Oregon’s ‘Hard Stop’ On Early Inductions and C-Sections
08.25.11 Stepping up to do the right thing
Oregon, my home state, is being heralded as the latest state to take a hard line on out of control c-sections and inductions. Here’s what the headlines say:
Hospitals take 'hard stop' on early elective C-sections and inductions -
Oregon is the latest state where some hospitals are refusing to do the procedures before 39 weeks of pregnancy.
The way this reads, it sounds like everybody got together in a conference room and agreed they’d make a radical change in the way they practice obstetrics and, by God, everything’s going to be different.
Well, not so fast.
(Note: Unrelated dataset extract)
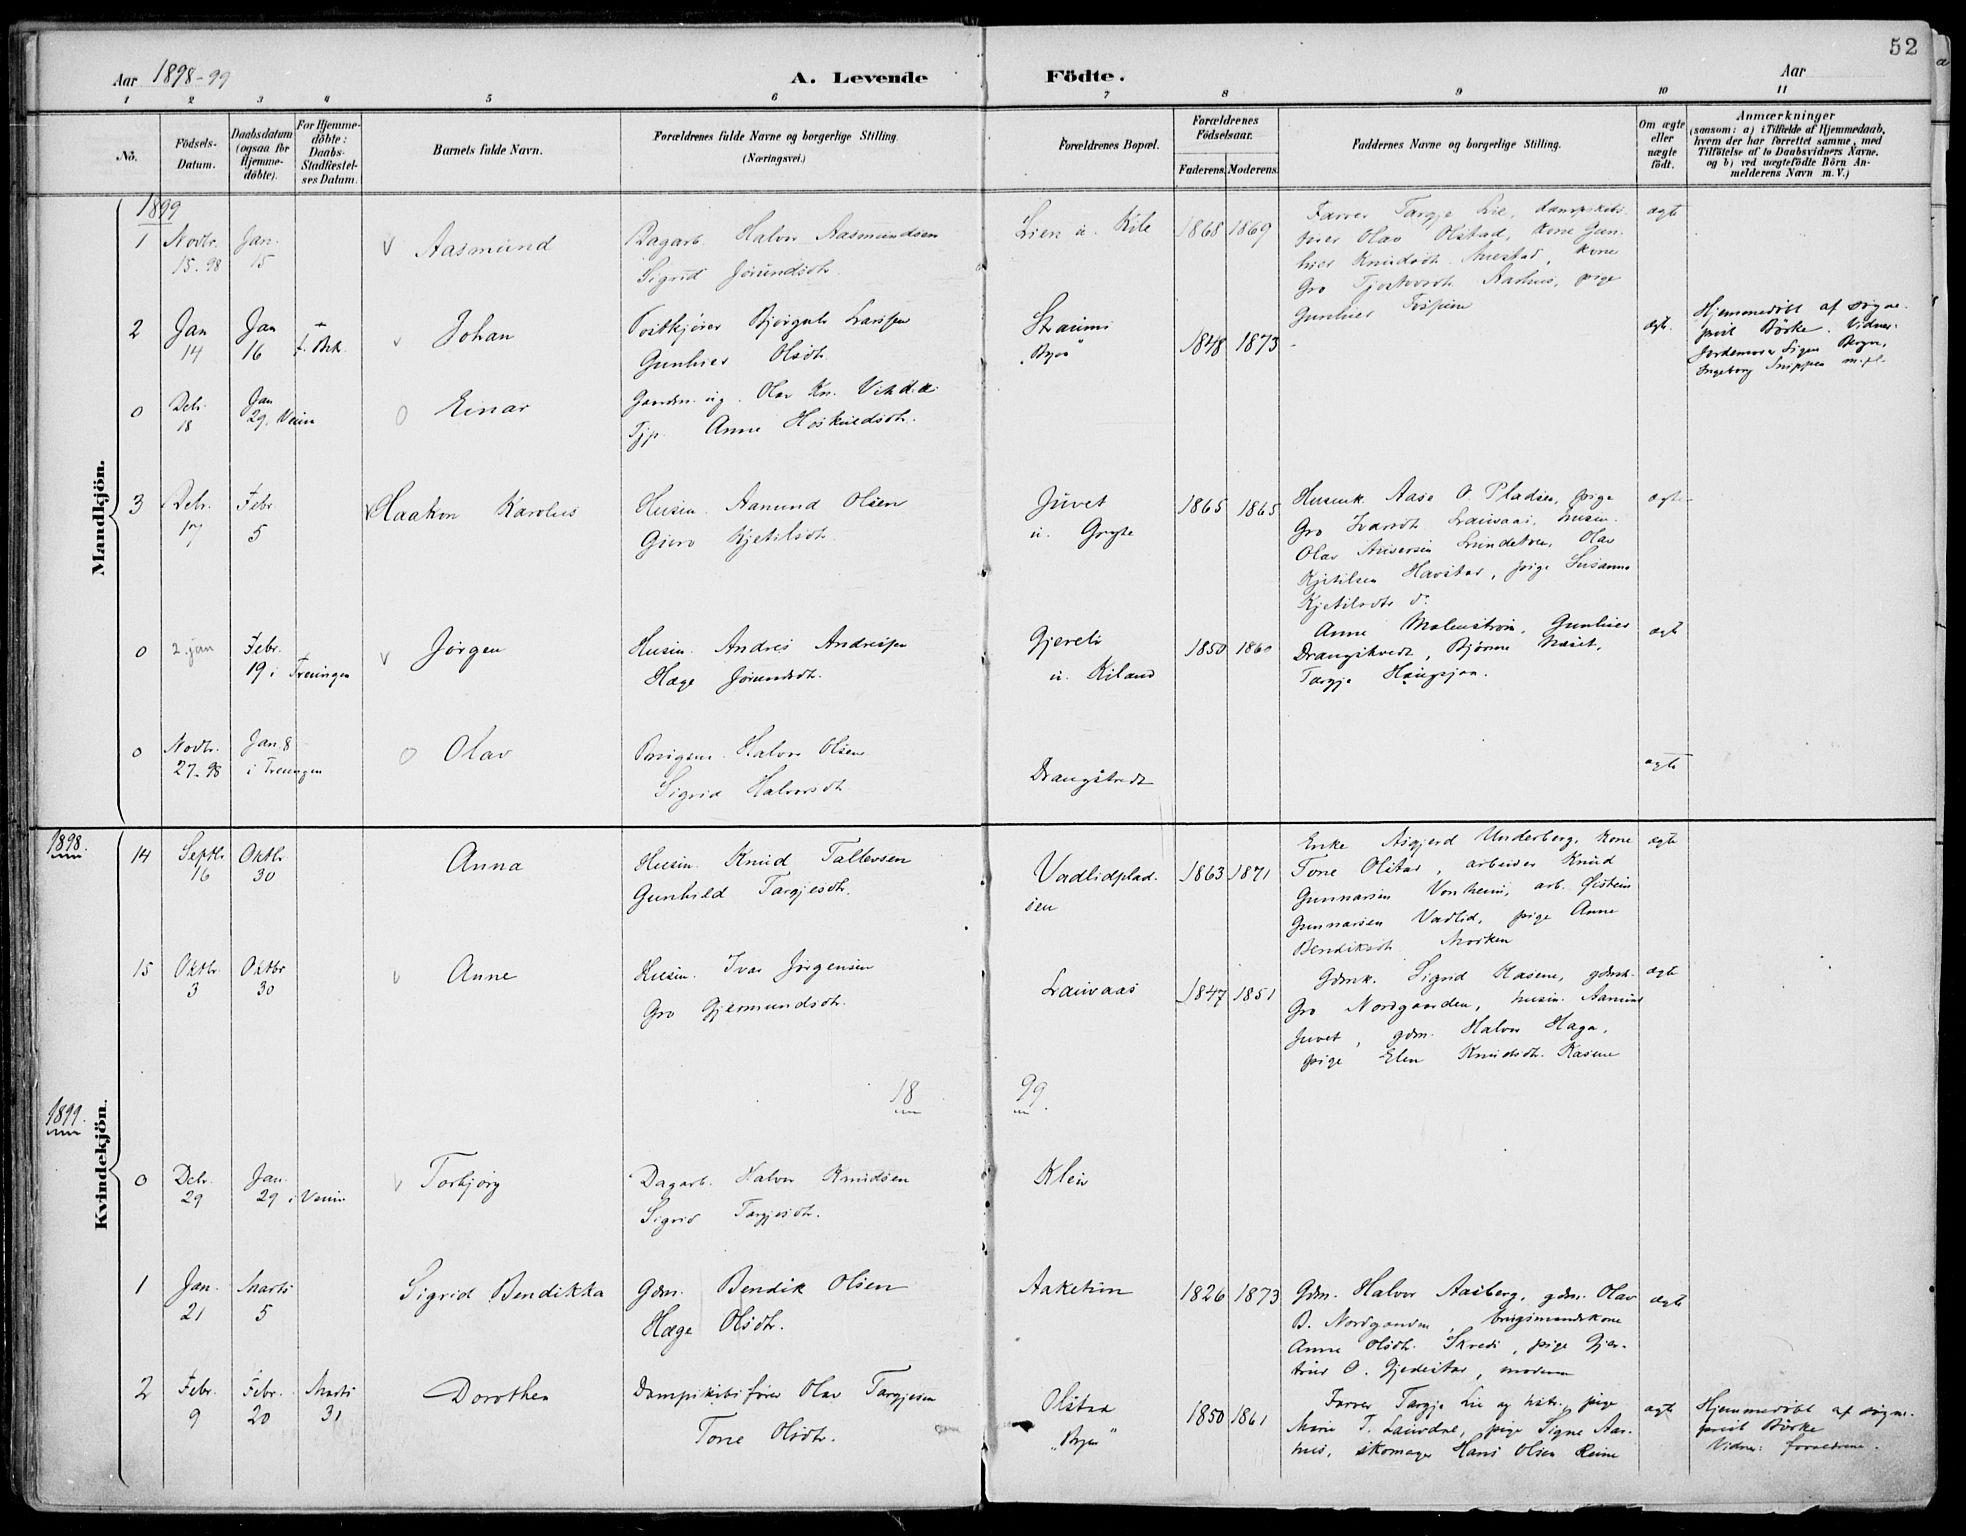 SAKO, Fyresdal kirkebøker, F/Fa/L0007: Ministerialbok nr. I 7, 1887-1914, s. 52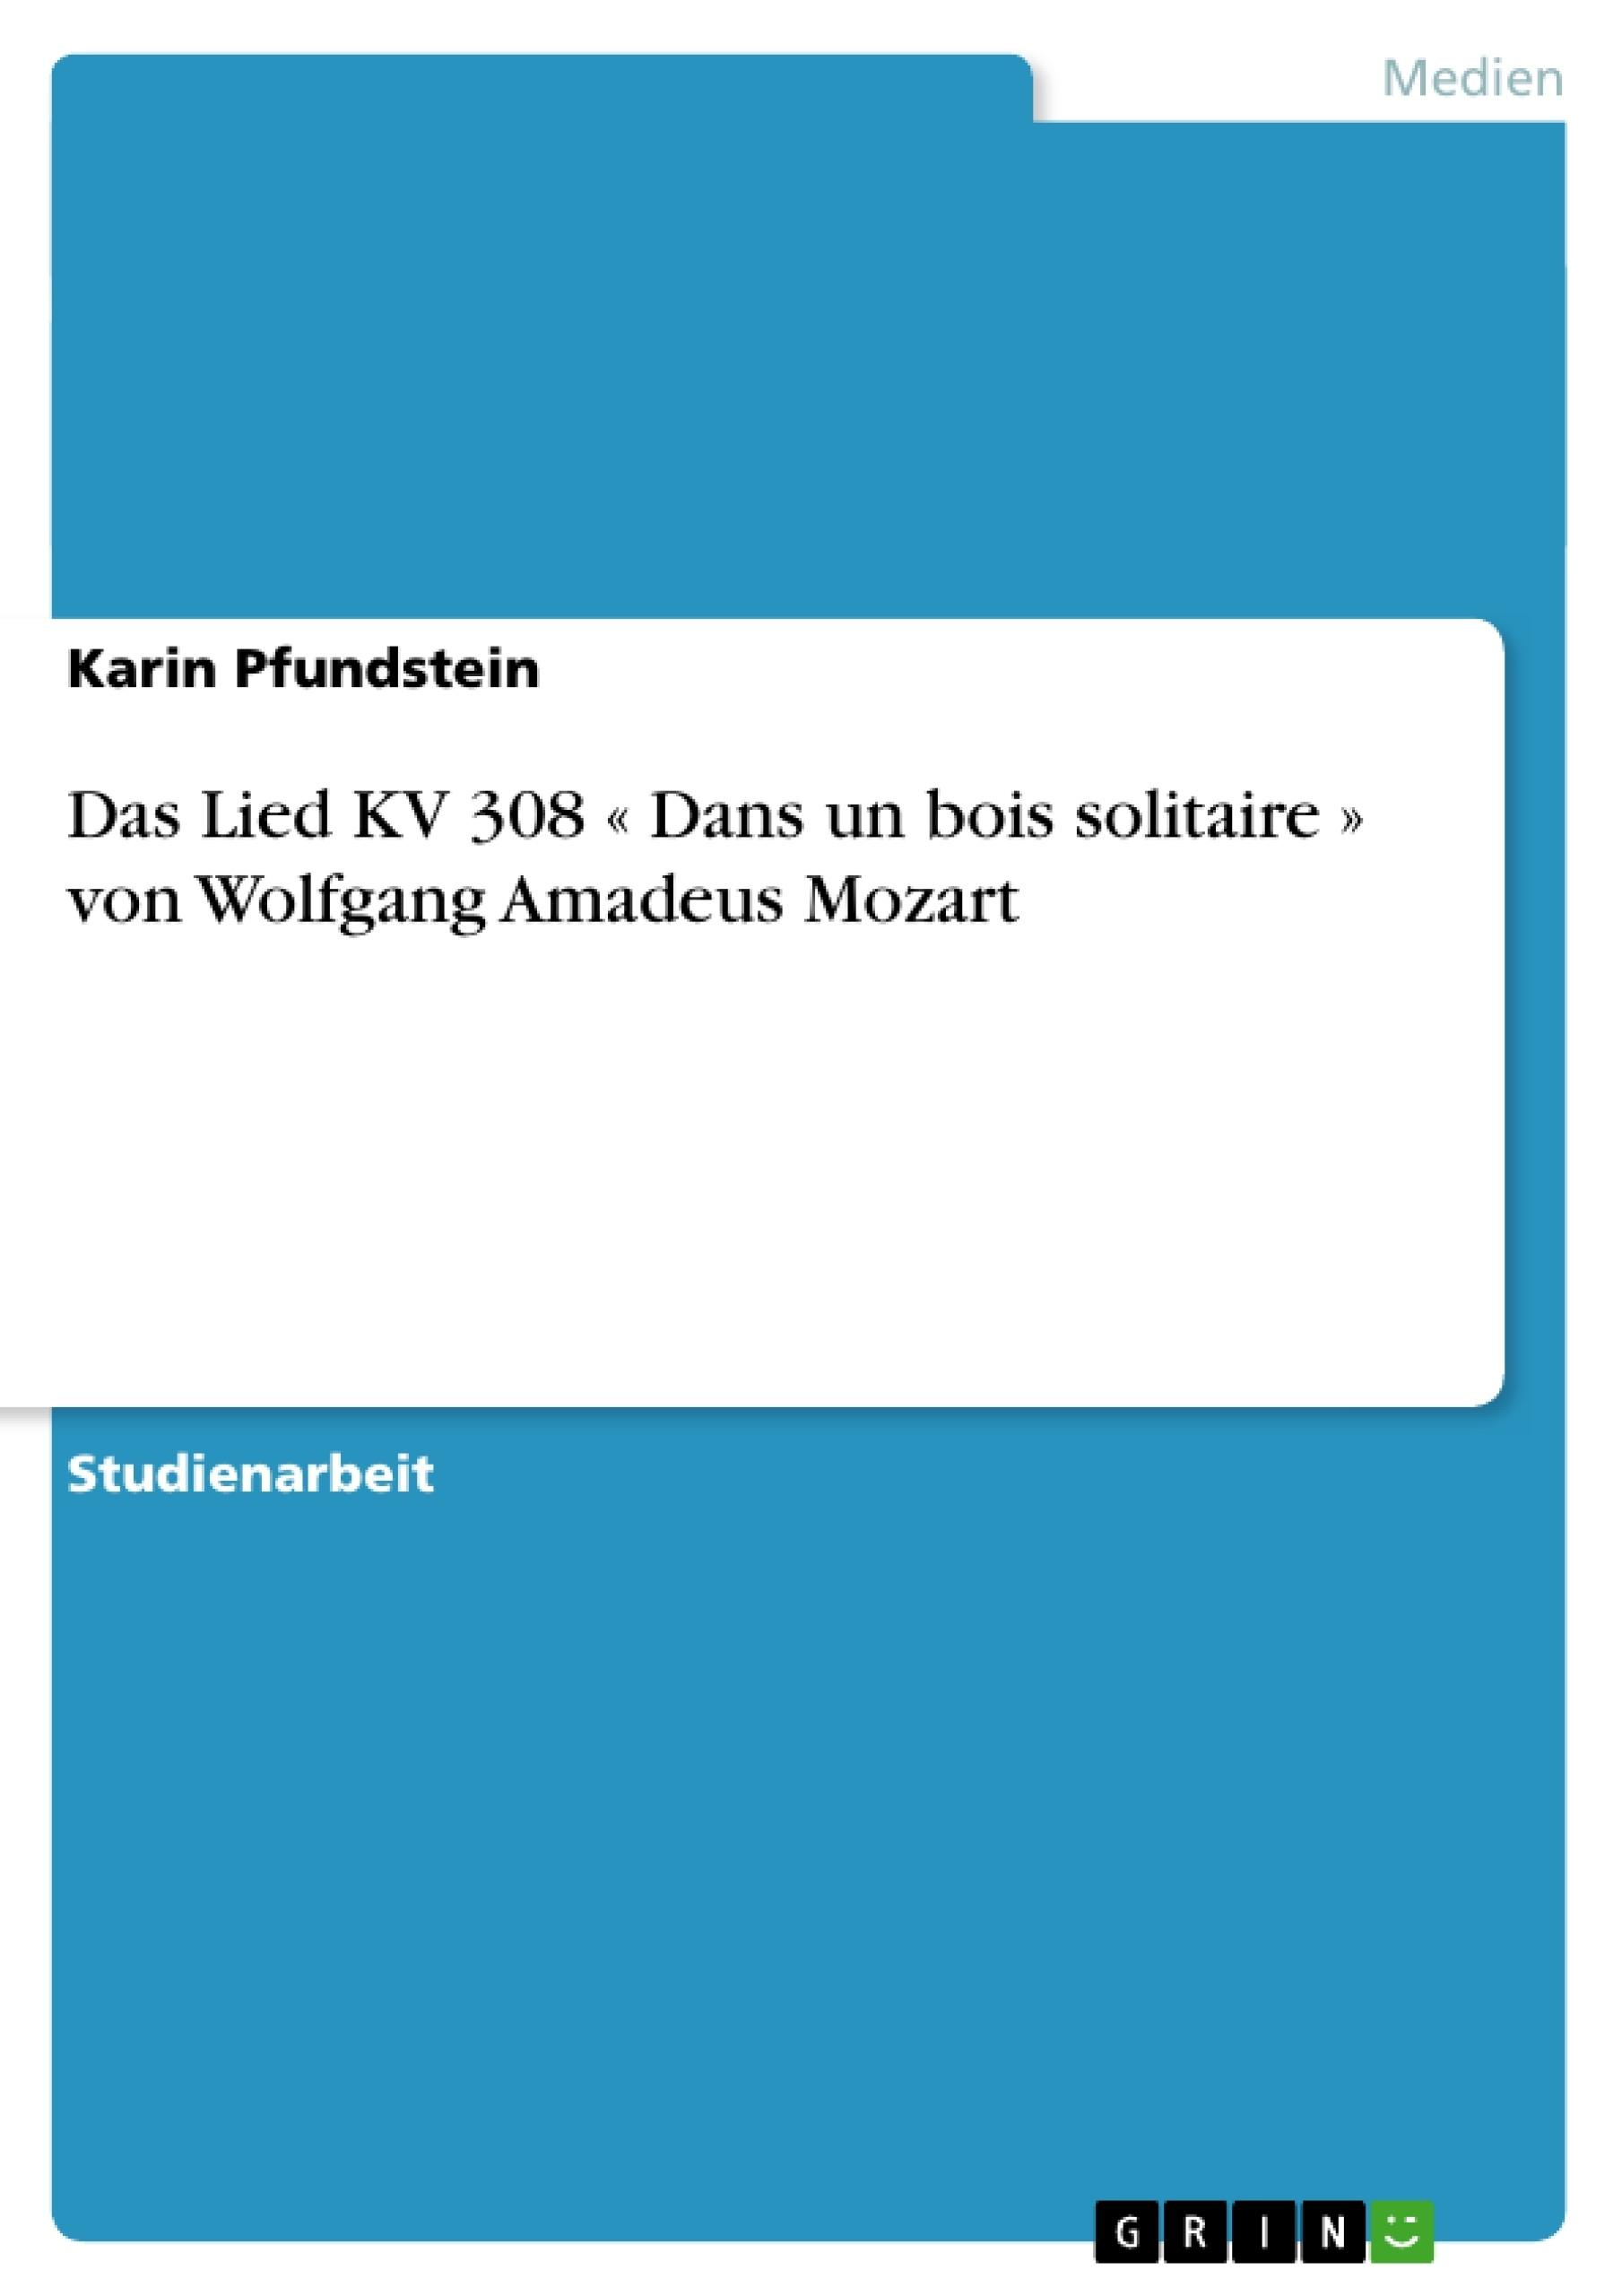 Titel: Das Lied KV 308 « Dans un bois solitaire » von Wolfgang Amadeus Mozart

What these headlines mean is, come September, our hospitals are enforcing guidelines that have been on the books for years. They’re mandating that doctors do what they should have been doing all along – using discretion about when they induce and c-section. Hospitals are now providing punitive and financial incentives to push doctors towards following the same old guidelines that dictate when c-sections and inductions are and are not appropriate.
The only thing that’s really different here is that now, all the major healthcare systems, hospitals and insurance providers are going to put their money where their mouth is. They’re going to make doctors follow the rules. This will also provide support for doctors against the rare patient who insists on inductions or elective, early c-sections. It’s not usually the patient’s idea though.
The American Congress of Obstetricians and Gynecologists has always said 39 weeks is the earliest date that’s appropriate to deliver by c-section or induce, unless there’s a clear medical indication why the baby should be delivered earlier. A clear medical indication would be something like severe maternal hypertension or fetal distress. Being tired, cranky and “so done” with pregnancy is not a clear medical indication.
So, why do doctors allow and encourage healthy women to deliver before 39 weeks? Besides being convenient, there’s been a gradual erosion of what’s considered too early. For example, if a patient is officially 39 weeks on Sunday (which is still a week before her due date), why not schedule her induction for Friday? That’s 38 weeks and 5 days - really close to 39 weeks. That gives her the weekend to recover and of course, gives the doctor the weekend off. Seriously, what’s a couple days? Pretty soon, it was 38 weeks and 3 days; then it was 37 weeks. Little by little, the prevailing attitude became, “What the heck, it’s close enough, right?
Then hospitals noticed some worrisome trends. Their C-section and induction schedules were crowded with non-medically indicated, early patients, which left no room to schedule medically urgent ones. That put mothers and babies who seriously needed to be delivered at risk. There was no room at the inn.
In addition, a lot of those “close enough” babies landed in the NICU with breathing and blood sugar problems. Close enough wasn’t good enough. Babies need the whole 40 weeks to finish developing. Some are fine with being delivered even as early as 36 or 37 weeks, but a whole lot of them aren’t fine with it. They’re not fine at all and they need intensive medical care to survive.
One of my doctor buddies, Desiree Bley, MD, OB-Gyn in Portland, OR says, “This isn’t really about creating bold new policies. In every hospital, there are doctors who follow the rules and doctors who don’t. Some doctors will do unnecessary inductions and c-sections a little too early, no matter what the rules are. Since it works out for them and their patients most of the time, they don’t feel any need to do anything different. That’s why hospitals are now going to penalize them if they don’t comply with appropriate guidelines. The thing that makes this headline-worthy is that all the local hospitals agreed, everybody has to get with the program. If one hospital continues allowing early deliveries that will just drive patients to the one hospital that’s not complying.”
We’ve had a lot of comments on Fit Pregnancy's Facebook page on this subject and some women are ticked off that hospitals are dictating what women can do with their own bodies. They don’t think hospitals and doctors should be able to tell women she can’t have a c-section if she wants one or be induced early if that’s what’s best for her schedule. This is a variation on the “women’s right to choose,” discussion.
Let’s get real here. Most women don’t have a right to choose how they’re going to deliver, especially if they’ve already had one c-section. Hospitals all over the country tell women that can’t have a vaginal birth after cesarean, by refusing to offer that option. It’s kind of ironic, that now they’re saying, women can’t choose a vaginal delivery, an early induction or elective c-section either.
How a woman delivers isn’t a choice that impacts only Mom. While most “slightly early” babies are fine, far too many go to the NICU. Not only does that put baby in a dangerous health situation, it also fills the NICU up with babies who shouldn’t be there. That takes staff and incubators away from babies with legitimate health problems. It drives up medical costs and insurance premiums for everybody and that’s just not cool for any one.
I’m proud of Oregon and other states for taking a stand, but really, they’re just finally doing the right thing after years of bending the rules.